Leon Panetta, who served as defence secretary under President Barack Obama, said he had expected to see more US air support Sunday, but he did not expect the situation would improve markedly even with the help of US forces.
“Let’s face it,” Panetta said. “The most you can hope for now is some kind of stalemate” between Afghan forces and Taliban fighters, who have demonstrated little interest in reaching an accord since the US troop withdrawal was announced.
At the Pentagon, where senior leaders have reluctantly cut off most military support to Afghanistan, officials were on phone calls Sunday about the unfolding events around Kunduz, a city of more than 350,000 people. The United States has twice in the past intervened to retake Kunduz from the Taliban.
But defence officials said there were no plans to take action this time beyond limited airstrikes. Over the past three weeks, the United States has used armed Reaper drones and AC-130 aerial gunships to target Taliban equipment, including heavy artillery, that threaten population centres, foreign embassies and Afghan government buildings, officials said.
One official acknowledged that with only 650 US troops remaining on the ground in Afghanistan, a concerted air campaign was unlikely to undo the advances the Taliban had made.
Although the US military mission will formally conclude at the end of this month, US troops and their Western allies are mostly gone already. The US handed over Bagram Airfield — once the military’s nerve centre — to the Afghans last month, effectively ending major US military operations.
Now, air support for the Afghan forces and overhead surveillance arrives from outside the country, from bases in Qatar or the United Arab Emirates, or from an aircraft carrier in the Arabian Sea.
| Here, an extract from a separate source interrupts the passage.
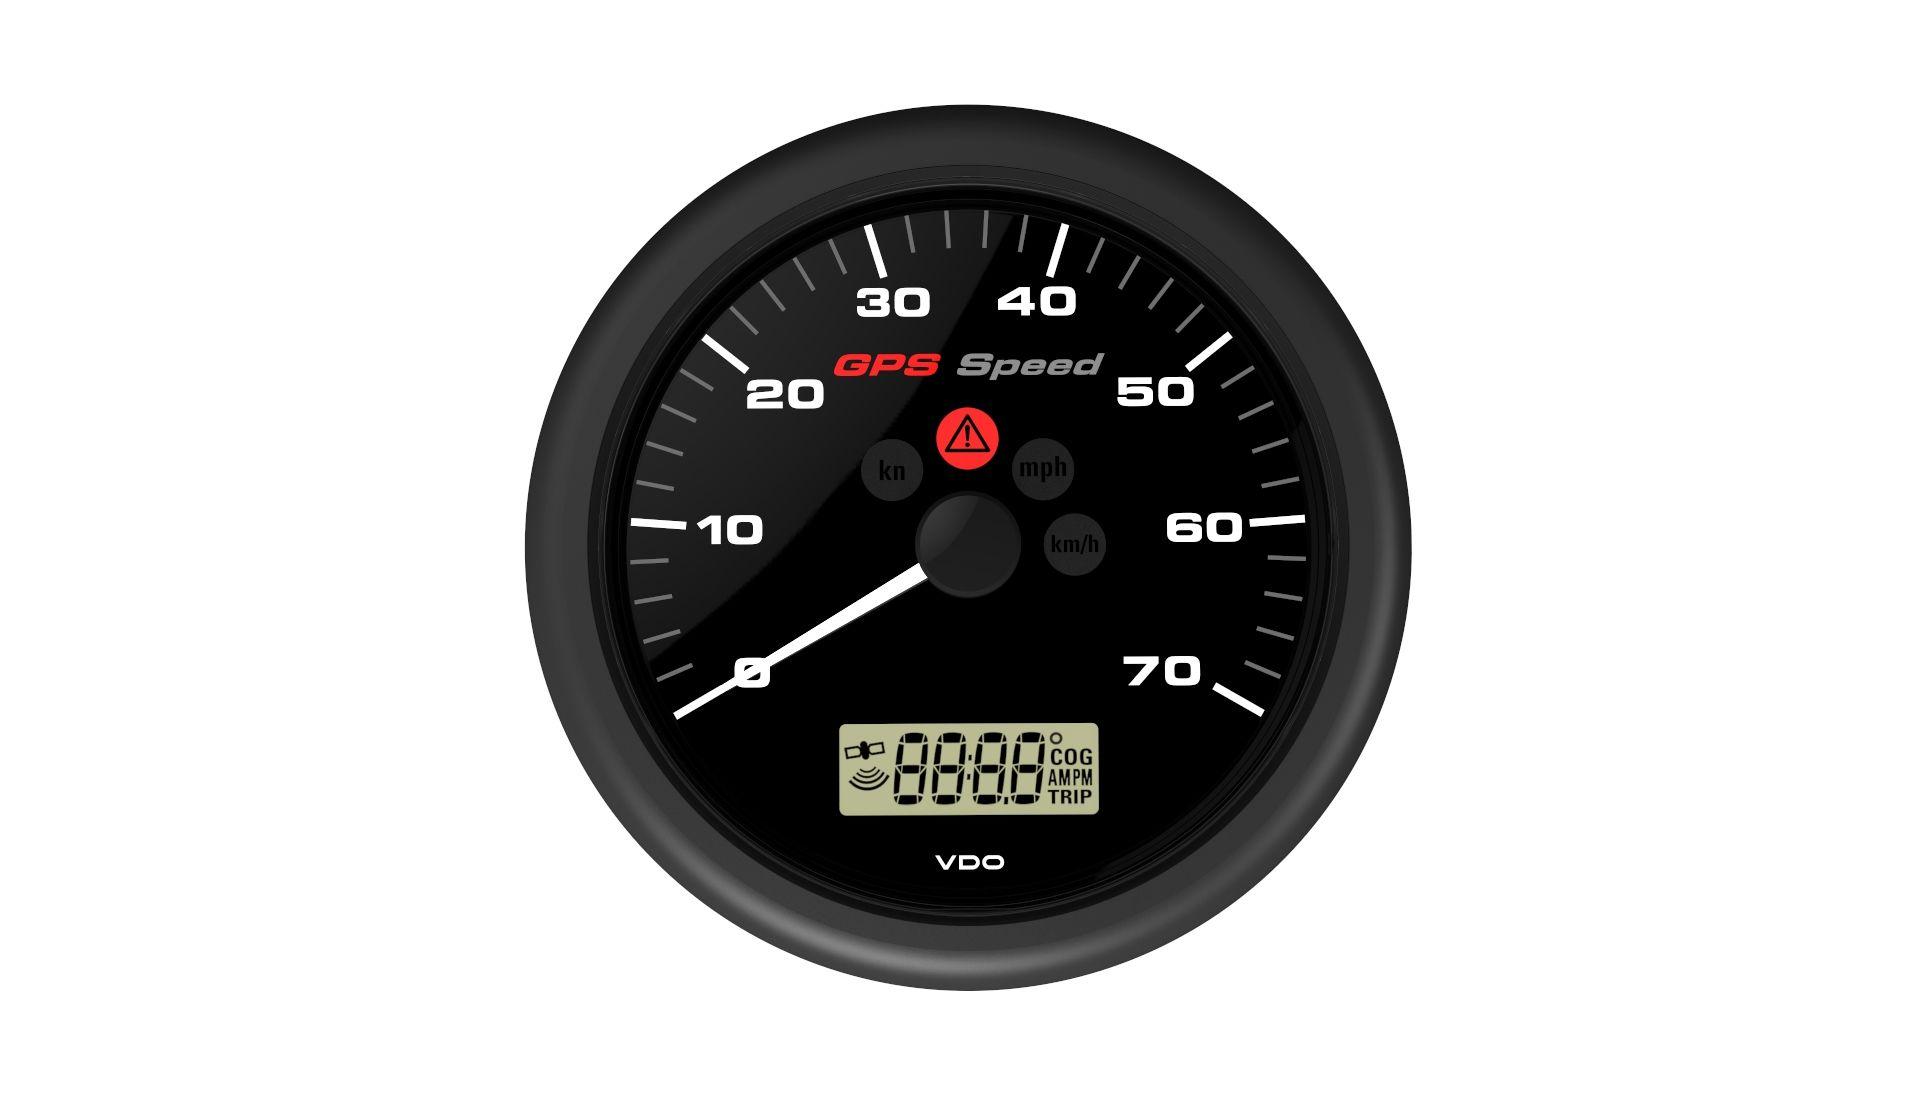 VDO GPS Speedometer

Wesley Clark, the former top NATO general under President Bill Clinton, called the weekend’s events “a tragedy for the people of Afghanistan, and a consequence of American misjudgements and failures.”
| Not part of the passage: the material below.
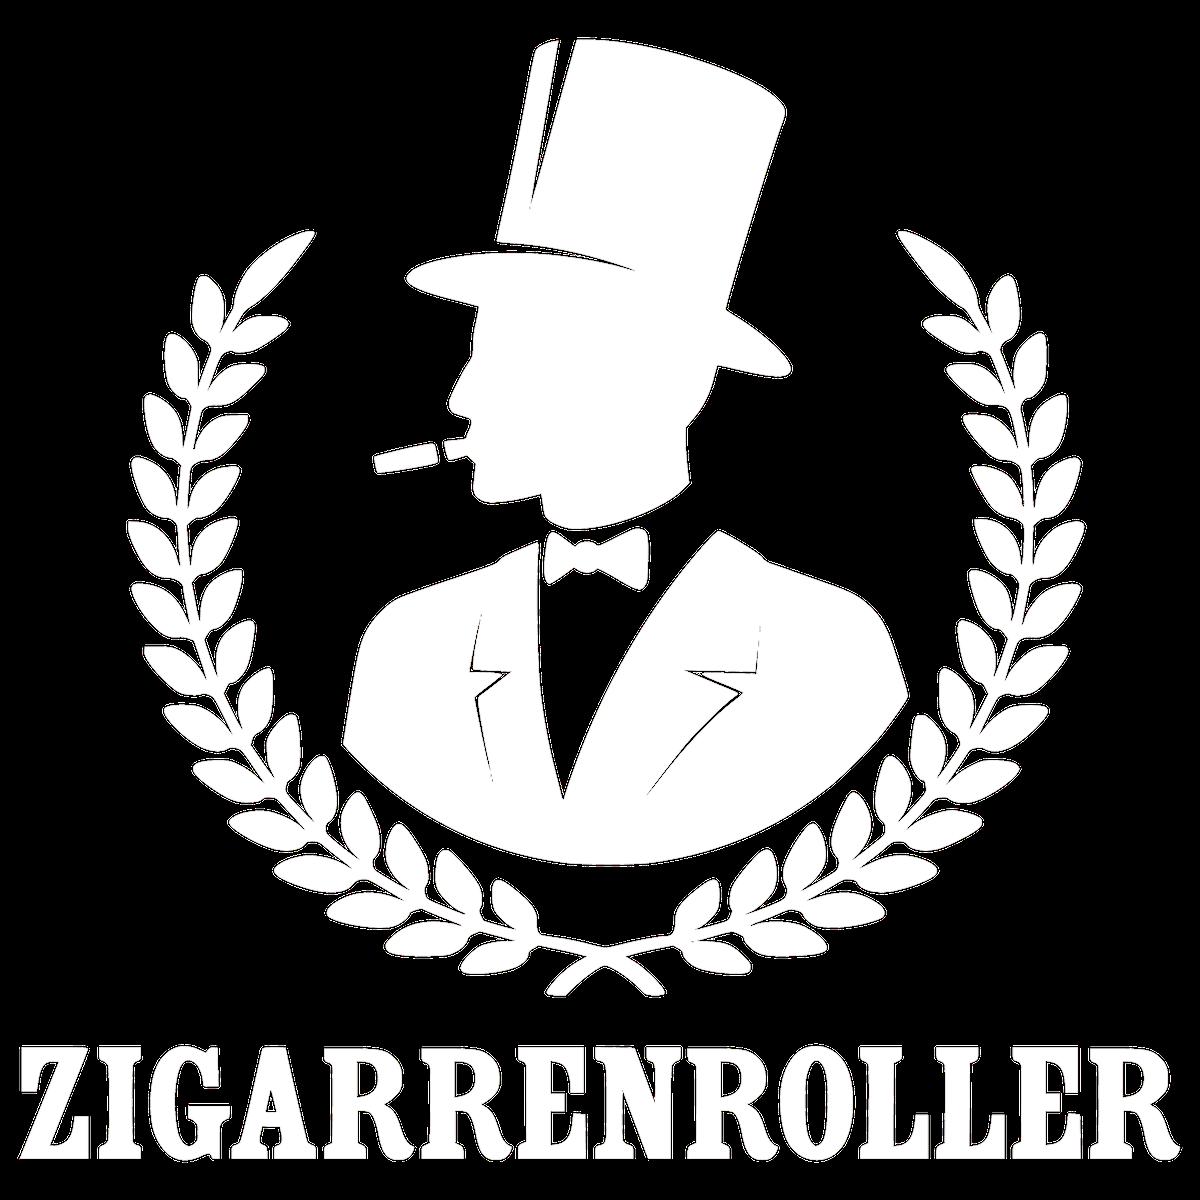 Zigarrenroller   Zigarrendreher   Lounge   Manufaktur   Kuba   Zigarren   Tabak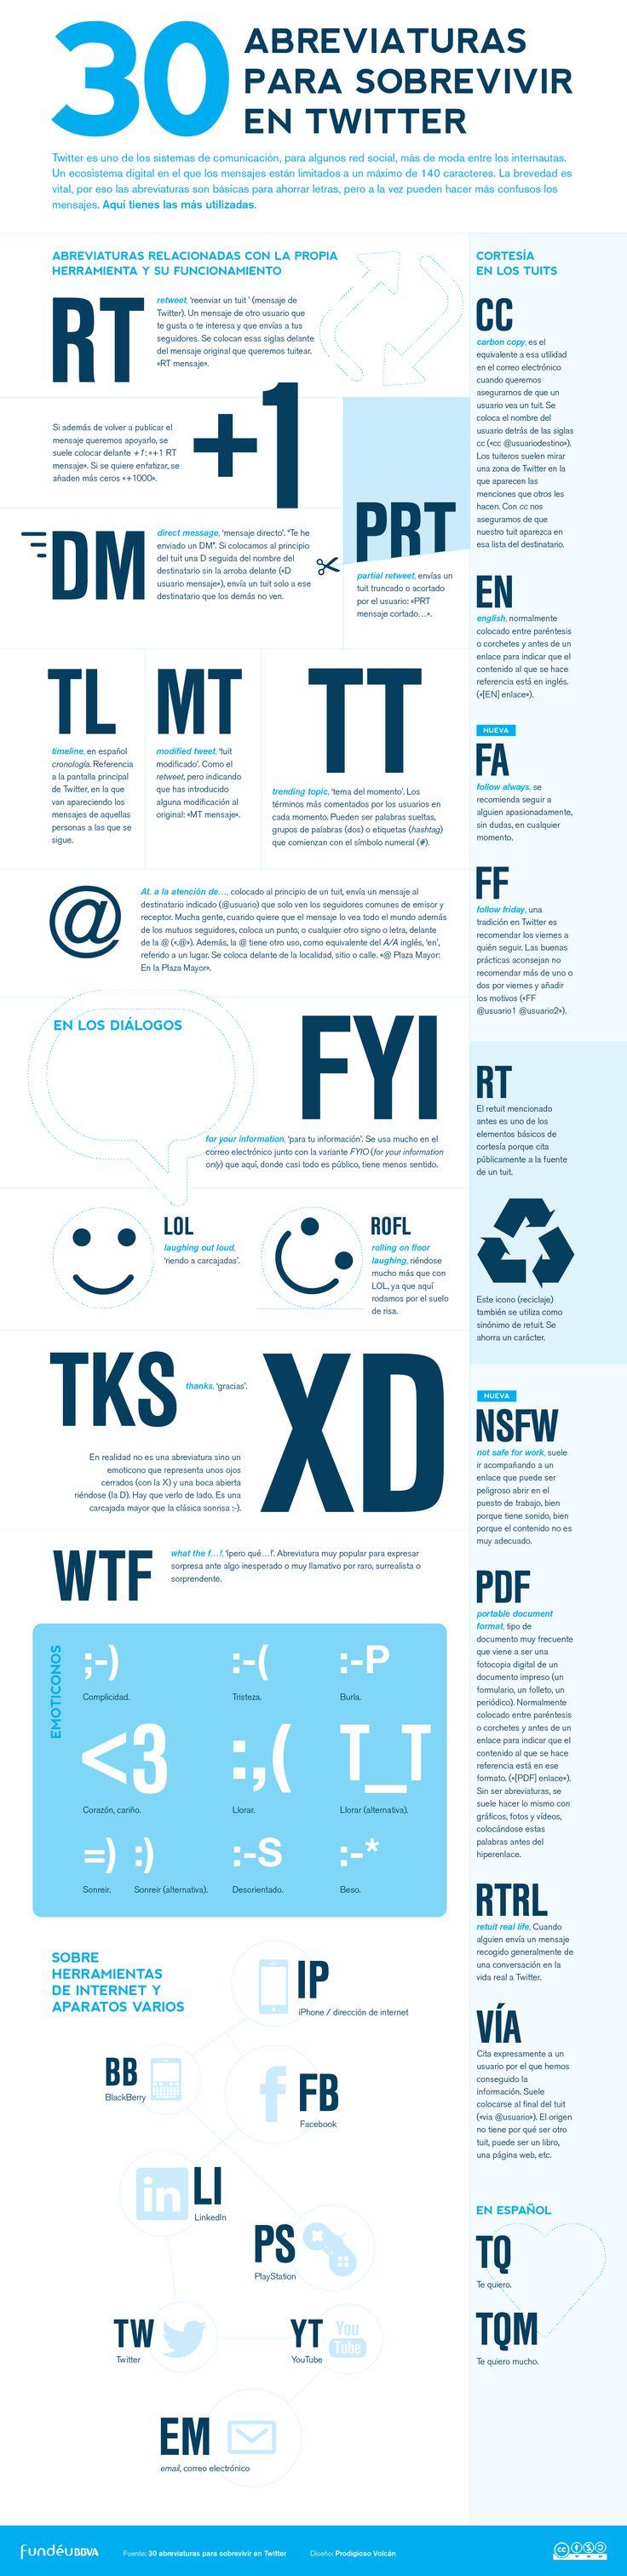 30 abreviaturas para sobrevivir en Twitter. Infografía en español. #CommunityManager

Civilian casualties have skyrocketed. Nearly 2,400 civilians have been killed or injured between May 1 and June 30, according to a United Nations report released last month, the highest number recorded for that period since monitoring began in 2009.
So far, no senior Pentagon official has expressed exasperation publicly with Biden over the Taliban surge, which Defence Secretary Lloyd J. Austin III predicted this past spring, when he and Gen. Mark A. Milley, chair of the Joint Chiefs of Staff, both counselled Biden against the complete withdrawal of US troops.
“We’ve seen this movie before,” Austin told his boss, in a reference to the Obama-era withdrawal from Iraq, which was followed by the rise of the Islamic State group. The United States ended up returning to Iraq and launching five years of airstrikes in Iraq and Syria to help Iraqi security forces beat back that insurgent group.
Biden has argued for pulling out of Afghanistan for years. In 2009, while serving as vice president, he argued for a minimal force, only to be overruled as Obama ordered a surge of forces, then a rapid drawdown.
But a dozen years later, as president, he made the decision to withdraw, one of the most significant decisions of his presidency so far. And despite the likelihood that the White House will confront terrible images of human suffering and loss in the coming weeks and months, Biden has vowed to press ahead regardless of the conditions on the ground.